Notes and Editorial Reviews
Of Tunisian birth, the 33-year-old Jean-Marc Luisada studied at the Menuhin School in England and the Paris Conservatoire with teachers including Marcel Ciampi and Denyse Riviêre, subsequently hitting the headlines as second prize-winner in the 1983 Dino Ciani Competition in Italy. He now follows an earlier mixed Chopin recital (Laser Light/Target—not reviewed in these pages) with 17 of the composer's 19 waltzes. His heart is plainly no less involved in the undertaking than his stalwart fingers, and always he plays as if determined that we shall enjoy the music as much as he does. But as we all know, this is a highly competitive field. And I'm bound to say that some of his legendary rivals do make you just a little more aware of what
Schumann meant when writing that if these waltzes had been intended for the ballroom (which they were not, of course), half of the lady dancers would have had to be countesses.

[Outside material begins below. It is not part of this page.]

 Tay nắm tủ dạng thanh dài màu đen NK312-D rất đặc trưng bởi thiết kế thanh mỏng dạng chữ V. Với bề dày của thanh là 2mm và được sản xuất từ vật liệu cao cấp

In his pursuit of expression Luisada never resorts to over-extreme tempo change for sectional mood contrast; each waltz coheres as a whole. But I felt that some of his detailed pointmaking was over-emphatic, his phrasing less than subtle. How much more Rubinstein's comparatively classical simplicity tugs at the heart-strings in the C sharp minor waltz, Op. 64 No. 2, and again in the B minor of Op. 69 No. 2. And how much more scintillating the Op. posth. E flat (like several others too) sounds from the mercurial yet meticulously disciplined Lipatti. In sum, Luisada still needs a little more fingertip magic and finesse (not least in Op. 34 No. 3, Op. 42 and Op. 64 No. 1) to hold his own with Chopin specialists like Ashkenazy and Vasdry, Kahn and Alexeev as well as the incomparable Rubinstein and Lipatti. But as I've already intimated, his romantic warmth and drive are likeably youthful. And at his most poised—as in the A minor waltz, Op. 34, No. 2, the A flat waltz nicknamed "L'Adieu", Op. 69, No. 1 and the four posthumously published waltzes—there are pre-echoes of the Luisada who could well woo us all in a few years time. The recording itself is firm and true.
-- Gramophone [5/1991]
Works on This Recording
Waltzes (3) for Piano, Op. 34 by Frédéric Chopin
Jean-Marc Luisada (Piano)
Length: 13 Minutes 42 Secs.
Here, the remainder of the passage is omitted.